While the coin may be eventually in danger of going extinct in the United States, it is still at large and very much in play. And while it is, there is a bad habit that needs to be acknowledged. Cashiers the country-over are guilty of it, and it’s the violation of the coin order.

Let’s agree: there is a right and a very wrong way to receive change from a cashier. Whether you’re standing, sitting, or crouching through a double-paned plexiglass window, if your change involves at least one bill, and one or more coins (a receipt is a variant), there are simple rules. And when they’re broken, the common laws of user-centered courtesy come undone.

Each time I purchase something, I watch the laws come undone a bit more. Cashiers hand patrons coins on top of our bills time after time. The coins-on-top method is awkward and wrong: the coins slide off the bills, onto the counter, pennies (which we didn’t want back in the first place, frankly) roll onto the floor, nickels one way, dimes the other, and we are left standing with a somewhat wrinkled set of bills in hand. Do we pick up the coins? Were they of value? Why couldn’t we have had them in our hand in the first place?

We’ve all seen this happen to the most dignified of folks, and it’s not only painful to watch, but unnecessary.

The royal order

Certain countries use dishes to distribute change in retail shops. Their counterparts in other areas, MUJI for example in the United States, follow this dignified tradition.

Giving change the right way, like any service design process, takes an understanding of the human, and here it’s no different — cashiers are clearly missing what happens when customers receive change. Men throw change in pockets or a tip jar. The end. Bills and receipts get categorized differently depending on their various organizational strategies and attention to detail.

Women tend to carry wallets with change compartments with varying complexities and organizational strategies — zippers, snaps, velcro.
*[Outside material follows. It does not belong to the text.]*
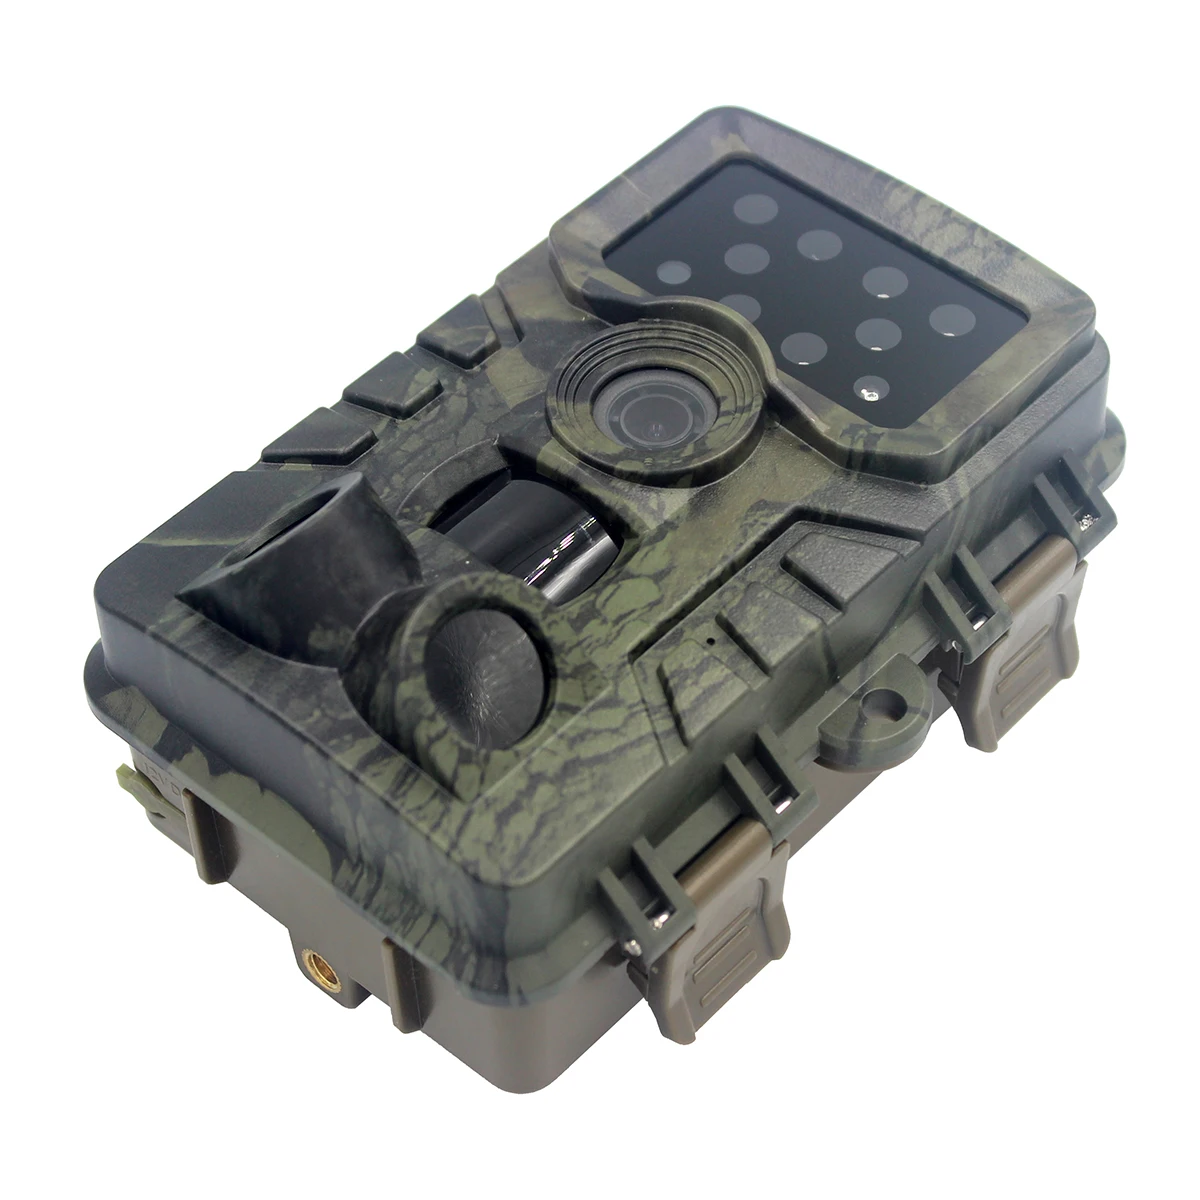 

Outdoor Ip66 1080P HD 20Mp Game Camera Fototrap PR700 2.0 Inch Display Trail Camera Hunting For Wildlife Monitoring

Wallet must be retrieved in a larger bag, which itself is a multi-step process. Once retrieved, a woman may deposit the coin(s) in the wallet.

Cases of use

Knowing this coin-deposit process (and any cashier who has encountered at least one man and one woman before has seen these use cases), cashiers should never distribute change bills-first. But they do. This is a design problem.
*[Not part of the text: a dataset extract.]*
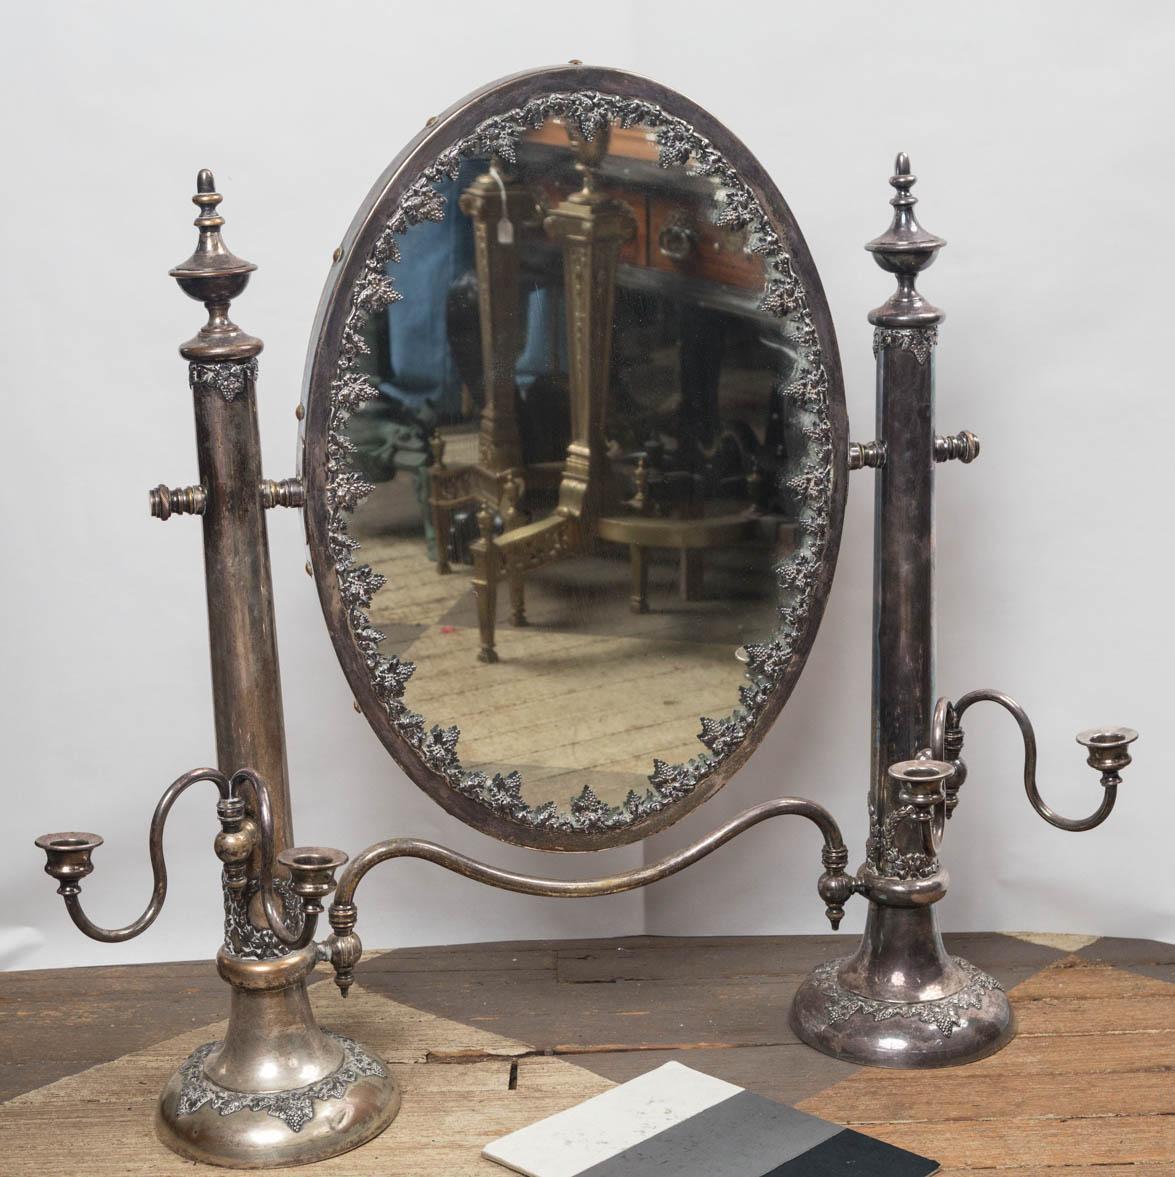 The mirror has a wooden back. The glass pivots up and down. The glass is framed with grape leaves and grapes. Two round columns attached left and right. The have urn form finials and are decorated with grape leaves and grapes. Double candle arms,

The cashier, it appears, gives no thought to how the customer puts the money away. If he did, he would simply hand us:

  1. Coins first
  2. Bills second
  3. Receipt third

The coin-first order is a more human-centered way that makes it easy to, well, get on with our day, leaving the store with what we came for: some sort of product, a bit of money left over, and a shred of dignity. Otherwise, we’re just playing a game of point-of-purchase rochambeau each time.